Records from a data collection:
════

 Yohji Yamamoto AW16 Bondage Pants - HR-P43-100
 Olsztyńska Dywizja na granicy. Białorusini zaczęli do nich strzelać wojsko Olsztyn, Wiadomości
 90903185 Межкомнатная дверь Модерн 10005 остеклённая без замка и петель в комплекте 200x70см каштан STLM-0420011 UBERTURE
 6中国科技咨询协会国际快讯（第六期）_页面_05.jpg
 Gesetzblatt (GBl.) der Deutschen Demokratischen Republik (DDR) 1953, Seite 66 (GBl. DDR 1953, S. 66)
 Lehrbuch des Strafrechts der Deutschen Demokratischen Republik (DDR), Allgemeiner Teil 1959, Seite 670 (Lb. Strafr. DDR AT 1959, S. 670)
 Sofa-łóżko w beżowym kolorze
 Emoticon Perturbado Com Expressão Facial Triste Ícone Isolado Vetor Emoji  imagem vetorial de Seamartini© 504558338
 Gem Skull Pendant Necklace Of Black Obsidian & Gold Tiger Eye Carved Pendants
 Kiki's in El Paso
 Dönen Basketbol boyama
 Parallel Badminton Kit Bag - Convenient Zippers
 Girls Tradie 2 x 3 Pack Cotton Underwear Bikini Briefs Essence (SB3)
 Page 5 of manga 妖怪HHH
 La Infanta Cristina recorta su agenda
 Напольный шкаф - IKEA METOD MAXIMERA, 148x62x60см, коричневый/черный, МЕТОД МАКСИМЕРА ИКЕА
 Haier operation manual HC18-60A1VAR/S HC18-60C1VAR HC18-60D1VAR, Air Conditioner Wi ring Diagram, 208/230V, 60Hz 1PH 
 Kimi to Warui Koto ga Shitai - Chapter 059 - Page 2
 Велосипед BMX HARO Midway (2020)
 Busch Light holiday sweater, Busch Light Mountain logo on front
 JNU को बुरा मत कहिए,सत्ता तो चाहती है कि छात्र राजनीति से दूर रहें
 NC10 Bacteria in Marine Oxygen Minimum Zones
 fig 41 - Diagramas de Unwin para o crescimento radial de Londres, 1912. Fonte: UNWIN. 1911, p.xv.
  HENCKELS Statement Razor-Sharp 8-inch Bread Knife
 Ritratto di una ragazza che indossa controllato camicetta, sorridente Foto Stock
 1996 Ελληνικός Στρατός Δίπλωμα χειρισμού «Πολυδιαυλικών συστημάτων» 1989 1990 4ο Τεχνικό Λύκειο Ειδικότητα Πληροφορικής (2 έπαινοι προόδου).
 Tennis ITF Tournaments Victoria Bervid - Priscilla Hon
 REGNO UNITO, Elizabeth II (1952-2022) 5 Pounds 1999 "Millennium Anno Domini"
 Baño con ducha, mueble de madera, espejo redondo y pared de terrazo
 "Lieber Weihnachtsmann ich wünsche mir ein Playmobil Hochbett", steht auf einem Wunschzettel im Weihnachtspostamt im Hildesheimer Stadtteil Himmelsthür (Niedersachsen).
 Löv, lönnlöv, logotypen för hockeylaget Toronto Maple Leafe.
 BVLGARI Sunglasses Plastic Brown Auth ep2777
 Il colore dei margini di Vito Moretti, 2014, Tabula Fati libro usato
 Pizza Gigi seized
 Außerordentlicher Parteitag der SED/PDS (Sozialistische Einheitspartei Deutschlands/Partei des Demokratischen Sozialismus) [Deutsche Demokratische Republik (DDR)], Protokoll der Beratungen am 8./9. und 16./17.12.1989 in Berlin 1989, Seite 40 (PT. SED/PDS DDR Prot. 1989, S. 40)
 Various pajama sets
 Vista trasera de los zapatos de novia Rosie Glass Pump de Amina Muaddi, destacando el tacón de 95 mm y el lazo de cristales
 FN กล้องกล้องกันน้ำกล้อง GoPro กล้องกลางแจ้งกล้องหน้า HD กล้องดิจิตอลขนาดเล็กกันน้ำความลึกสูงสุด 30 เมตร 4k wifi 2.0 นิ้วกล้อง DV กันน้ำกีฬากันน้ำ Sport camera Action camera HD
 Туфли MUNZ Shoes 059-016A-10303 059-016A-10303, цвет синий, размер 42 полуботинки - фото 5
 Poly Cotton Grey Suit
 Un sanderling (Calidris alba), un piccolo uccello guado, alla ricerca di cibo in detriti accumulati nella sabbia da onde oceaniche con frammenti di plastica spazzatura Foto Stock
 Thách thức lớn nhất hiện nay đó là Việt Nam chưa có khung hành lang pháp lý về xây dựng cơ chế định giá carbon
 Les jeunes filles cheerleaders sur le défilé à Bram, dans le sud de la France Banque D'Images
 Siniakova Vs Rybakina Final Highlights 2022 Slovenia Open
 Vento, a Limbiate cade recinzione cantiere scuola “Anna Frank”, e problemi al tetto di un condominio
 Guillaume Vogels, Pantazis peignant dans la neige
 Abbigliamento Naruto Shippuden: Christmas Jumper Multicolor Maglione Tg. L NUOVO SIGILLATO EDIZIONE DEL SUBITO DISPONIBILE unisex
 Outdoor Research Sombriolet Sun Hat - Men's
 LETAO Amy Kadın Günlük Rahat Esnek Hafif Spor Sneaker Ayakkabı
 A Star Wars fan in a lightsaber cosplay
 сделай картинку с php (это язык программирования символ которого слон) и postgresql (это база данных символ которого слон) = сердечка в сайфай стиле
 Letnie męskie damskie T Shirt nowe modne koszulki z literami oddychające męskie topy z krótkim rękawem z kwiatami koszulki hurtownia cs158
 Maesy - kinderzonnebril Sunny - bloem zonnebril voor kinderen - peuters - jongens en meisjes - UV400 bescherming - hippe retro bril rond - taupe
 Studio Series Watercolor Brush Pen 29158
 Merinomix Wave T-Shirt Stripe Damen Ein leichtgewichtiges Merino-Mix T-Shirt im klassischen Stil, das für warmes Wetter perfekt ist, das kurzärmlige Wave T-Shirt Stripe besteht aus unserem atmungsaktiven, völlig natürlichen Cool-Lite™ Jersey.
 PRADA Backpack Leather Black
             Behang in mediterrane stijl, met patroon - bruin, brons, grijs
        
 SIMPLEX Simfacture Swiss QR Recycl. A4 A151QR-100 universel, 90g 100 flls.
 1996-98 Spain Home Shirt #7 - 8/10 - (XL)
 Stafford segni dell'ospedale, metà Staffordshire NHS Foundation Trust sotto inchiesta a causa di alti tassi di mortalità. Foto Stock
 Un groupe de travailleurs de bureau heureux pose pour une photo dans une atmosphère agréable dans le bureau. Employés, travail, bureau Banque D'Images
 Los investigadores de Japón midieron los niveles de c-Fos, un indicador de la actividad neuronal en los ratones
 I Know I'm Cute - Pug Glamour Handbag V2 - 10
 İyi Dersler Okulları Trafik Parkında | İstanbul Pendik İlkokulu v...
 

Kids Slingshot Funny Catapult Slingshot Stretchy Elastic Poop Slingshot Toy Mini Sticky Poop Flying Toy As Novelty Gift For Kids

════

● WHAT TO DO
Take the lines from the first line of the records through the line holding "6中国科技咨询协会国际快讯（第六期）_页面_05.jpg", both included, and please reproduce them exactly with nothing added.

● OUTPUT FOR THIS TASK
 Yohji Yamamoto AW16 Bondage Pants - HR-P43-100
 Olsztyńska Dywizja na granicy. Białorusini zaczęli do nich strzelać wojsko Olsztyn, Wiadomości
 90903185 Межкомнатная дверь Модерн 10005 остеклённая без замка и петель в комплекте 200x70см каштан STLM-0420011 UBERTURE
 6中国科技咨询协会国际快讯（第六期）_页面_05.jpg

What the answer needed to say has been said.